The Coffee Flavor Wheel Guide

We all love a good cup of coffee but how far does your appreciation go? Have you ever tried naming all the different flavors swirling in your cup?

Thanks to the coffee flavor wheel anyone can learn the flavor combinations that make their favorite coffee just that good. If you’ve never heard of it or you’ve heard of it but never tried to use it, consider this a friendly nudge to take that next step in your coffee journey. But before you do, let’s dive into how the coffee flavor wheel came to be, what it is, and how to use it.

Coffee cupping

The first coffee flavor wheel was published in 1995, but by 2009, most coffee sommeliers considered it outdated and unhelpful. The Specialty Coffee Association of America’s (SCAA) first symposium laid the groundwork for the coffee industry’s next project. Made up of one hundred sensory scientists and two coffee organizations (the SCAA and World Coffee Research), the three year project launched.

After years of hard work and incredible research, the SCAA debuted the new coffee flavor wheel in 2016. To this day, the coffee flavor wheel not only is the most iconic resource within the coffee industry but also the largest research project conducted on coffee. And it was a game changer in the world of coffee.  

What Is the Coffee Flavor Wheel?

Coffee flavor wheel

The coffee flavor wheel is exactly what it sounds like, a wheel made up of three different layers, defining different flavors you can find in coffee. The center of the wheel has flavors any of us would recognize, like savory, spice, nuts, chocolate, and fruit, but from there, the flavors become more niche. For example, the next layer narrows different fruits down to citrus, tropical fruit, stone fruit, berry, or dried fruit. And in the final layer, citrus becomes lime, lemon, orange, and grapefruit.

The WCR sensory lexicon expands on the flavor wheel by describing the sensory experience (taste, smell, or mouthfeel), providing a specific definition, ranking the intensity score from 1 to 15, and naming references to compare the attribute against, universally unifying how coffees are cupped and described. So, what does that look like all together? Here’s an example of an attribute from the coffee wheel.
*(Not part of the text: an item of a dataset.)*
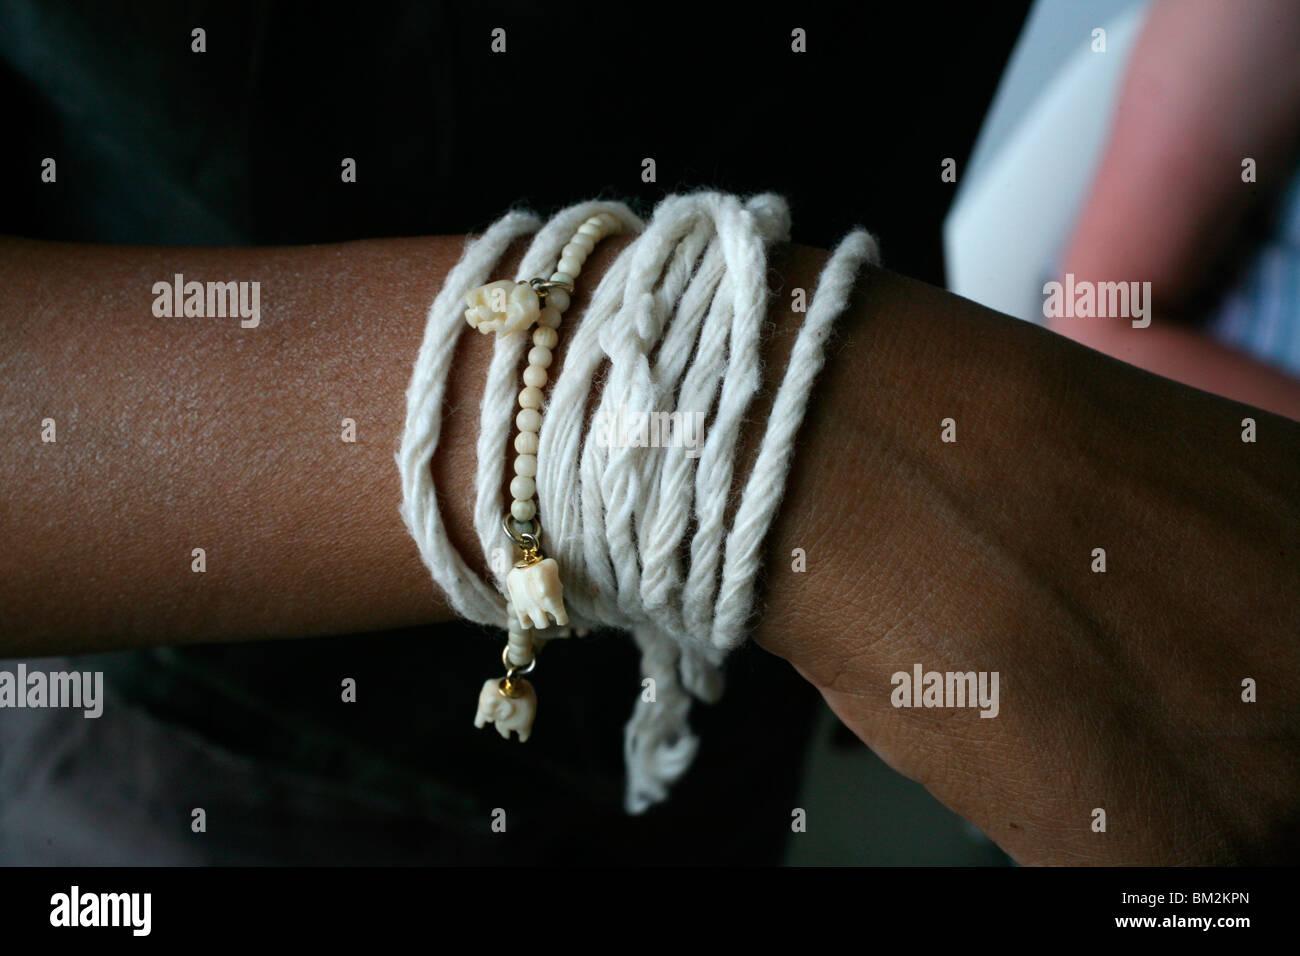 Buddhist wrist strings, Luang Prabang, Laos, Indochina, Southeast Asia - Stock Image

Attribute Name: Pomegranate

Attribute Description: A sour, sweet, fruity aromatic that may be somewhat dark, musty and earthy, reminiscent of dark fruits and root vegetables, such as beets and carrots. May also have an astringent mouthfeel.

Aroma Intensity: 5.5

Flavor Intensity: 7.5

Reference: R.W. Knudsen Organic Just Pomegranate Juice

The flavor wheel also provides characteristics and body descriptors to further define the specific attributes. Body descriptors range from light to heavy, starting with a watery, tea-like texture and ending with a full texture reminiscent of whole milk. Because of how the flavors, acidity, and body interact in each coffee, you can also describe your cup of coffee as crisp, bright, muted, structured, delicate, dry, syrupy, and dirty. Once you familiarize yourself with the coffee lingo, a whole new world opens up, letting you experience your coffee more fully than you ever have.

How Do You Use the Coffee Flavor Wheel?

Now we get to the most important question: How do you use the coffee flavor wheel? To begin, you’ll want to start in the center and work outward. The most general descriptors are in the center, as you can see above, so this gives you a good baseline to work from and guide your discoveries.

If you feel stuck at any point, take a step back and look at the wheel as a whole. Maybe you can identify that you’re tasting a fruit, so you move further in the wheel, but you aren’t sure which fruit it is. Narrow your choices by color next. If you decide your coffee has citrus notes, is it reminiscent of a yellow citrus fruit or a pink one or green? Each color was carefully chosen to help guide you through your decision making process.

Something else to be aware of are the gaps between specific attributes. These gaps indicate how closely those attributes are to one another. While chamomile and honey may sound similar, they are two distinct flavors, seen in the gap between them.

Coffee cupping isn’t easy, especially if you’re a beginner. People spend years perfecting their craft and learning each nuance to differentiate between flavors. A good tip for coffee cupping beginners is to compare flavors to one another to decide which one you’re tasting. Are there notes of berries or citrus? Vanilla or brown sugar? Nutty or cocoa? While you may not know exactly what each attribute tastes like, you can at least narrow it down by eliminating what the coffee doesn’t taste like.

How Does the Coffee Flavor Wheel Relate to Home Roasters?

While it may seem overwhelming at first glance, the coffee flavor wheel isn’t just for professional tasters or coffee connoisseurs. It was created to help every coffee lover decode the flavor profile of their favorite coffees. Once you learn the lingo, the wheel is an invaluable tool if you’d like to further your coffee journey.


The coffee flavor wheel revolutionized the coffee world by standardizing the lingo, defining each different flavor, and providing real-world references to compare them to. Whether you’re an expert or a beginner, the flavor wheel can help you hone your coffee skills and further your understanding and enjoyment of coffee.